Computational Biology Research as a Chemical Engineering and Mathematics Major
Man presenting in a classroom of people.

Presenting my retinal computation work at SUMS 2024.

Author: Jared Noel | Major: Chemical Engineering, Mathematics  | Semester: Fall 2024

My name is Jared Noel, and I am a junior at the University of Arkansas, double majoring in chemical engineering and applied mathematics. This past summer, I had the opportunity to participate in the National Institute for Theory and Mathematics in Biology Summer Undergraduate Research Program (NITMB SURP). For this program, I lived in Chicago for eight weeks. I conducted research on retinal computations with Dr. Gregory Schwartz at Northwestern University’s Feinberg School of Medicine and Dr. Stephanie Palmer at the University of Chicago. The retina has a remarkable capacity for predicting future trajectories of moving objects in its natural environment, and this phenomenon is known as motion anticipation. In this project, I programmed a stimulus to move with statistics consistent with natural motion, and I showed this stimulus to a mouse retina. I then analyzed this data to beOer understand the mechanisms behind re?nal mo?on an?cipa?on. An example of one of these natural trajectories is seen below.

The type of research I conducted this summer is broadly defined as computational biology research, and this is the research I am primarily interested in pursuing. To get involved in this interdisciplinary field as an undergraduate student, I am double majoring in chemical engineering and applied mathematics. These two subjects allow me to take a unique combination of classes that effectively supplement my computational biology research experience. However, a necessary part of conducting research in any field is connecting with fellow researchers and learning about their work. Up to this point, as an undergraduate student, I had only attended chemical engineering conferences. While these conferences benefitted me as a student researcher, they were outside my primary field of interest. That is why I participated in the 2024 Shenandoah Undergraduate Mathematics and Statistics (SUMS) conference at James Madison University in Harrisonburg, VA, where I presented my computational biology research. This conference was the first mathematics conference I have attended, and it introduced me to a broad array of research topics I was unaware of before.

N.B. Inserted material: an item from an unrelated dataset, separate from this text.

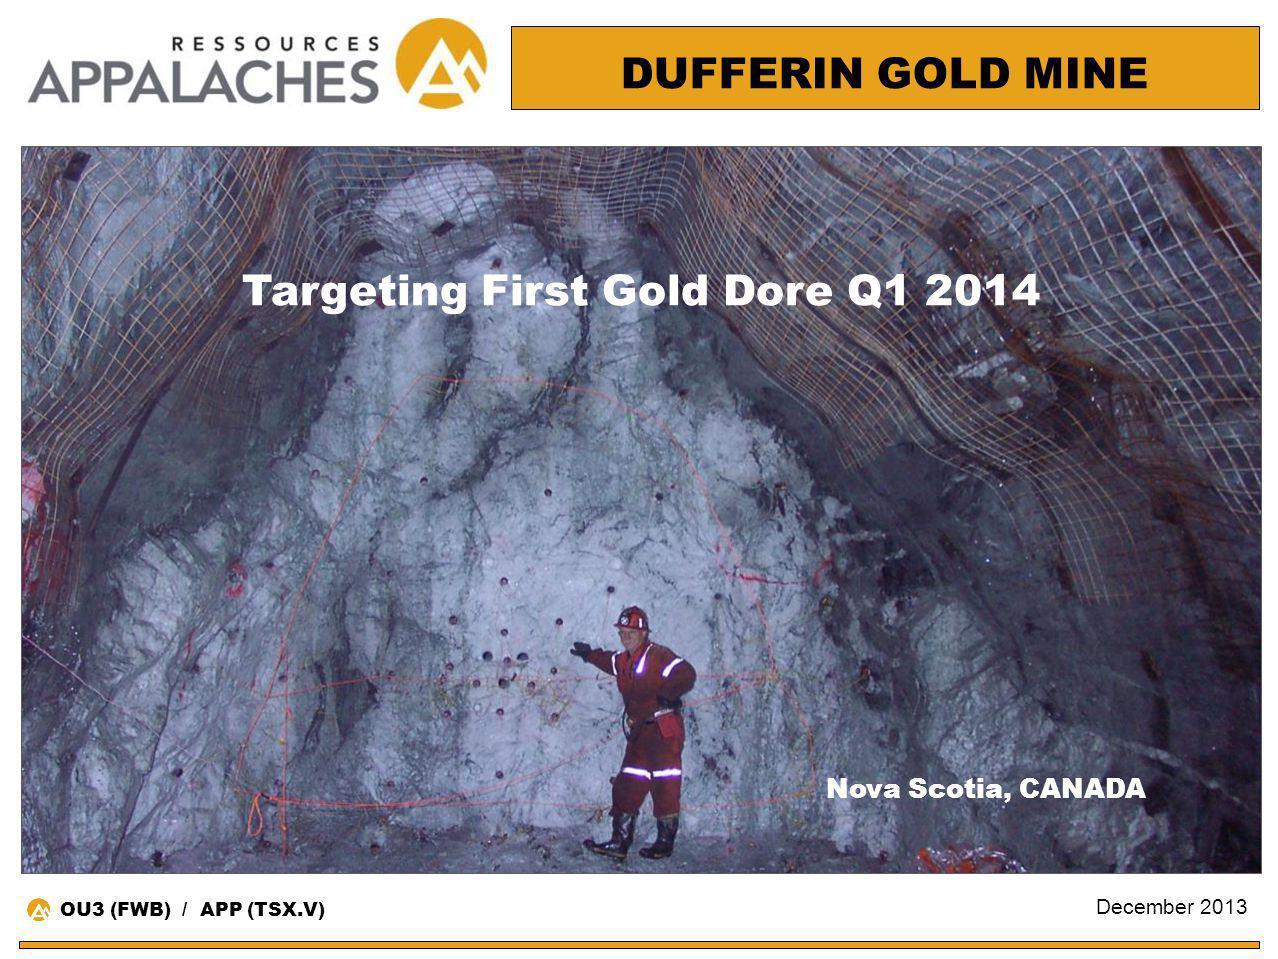 Nova Scotia, CANADA DUFFERIN GOLD MINE Targeting First Gold Dore Q1 2014 OU3 (FWB) / APP (TSX.V) December 2013

At this conference, I heard a talk given by Dr. Gretchen Matthews related to coding theory and cybersecurity. Additionally, I heard several other student presenters give talks on biology-related topics. Overall, hearing about this research showed me the wide variety of mathematical research applications, reaffirming my passion for my own computational biology research. Further, I presented my own work at this conference as a 15-minute oral presentation. This was the first time I had talked about my research to a group of primarily mathematicians. As such, the questions I received about my work after presenting were very different than the questions I have been asked in the past. These questions focused more on the mathematical underpinnings of my work, whereas questions I have been asked previously tended to focus on the broader applications of my work. Being asked these more theoretical questions changed how I view my research, effectively broadening my perspective. Moving forward, this new perspective will positively impact my research, allowing me to consider questions and ideas I would not have before.

Ultimately, attending the SUMS 2024 conference was incredibly beneficial for me and my future goals. I plan to continue conducting computational biology research as an undergraduate student and attend more mathematics conferences to continue to network and learn about other computational biology research. After graduating, I plan to pursue a Ph.D. in computational biology, where I continue to examine biological systems from a mathematical perspective. I aim to then pursue a translational research career where I work to use this computational biology framework to improve the healthcare landscape for patients in the United States.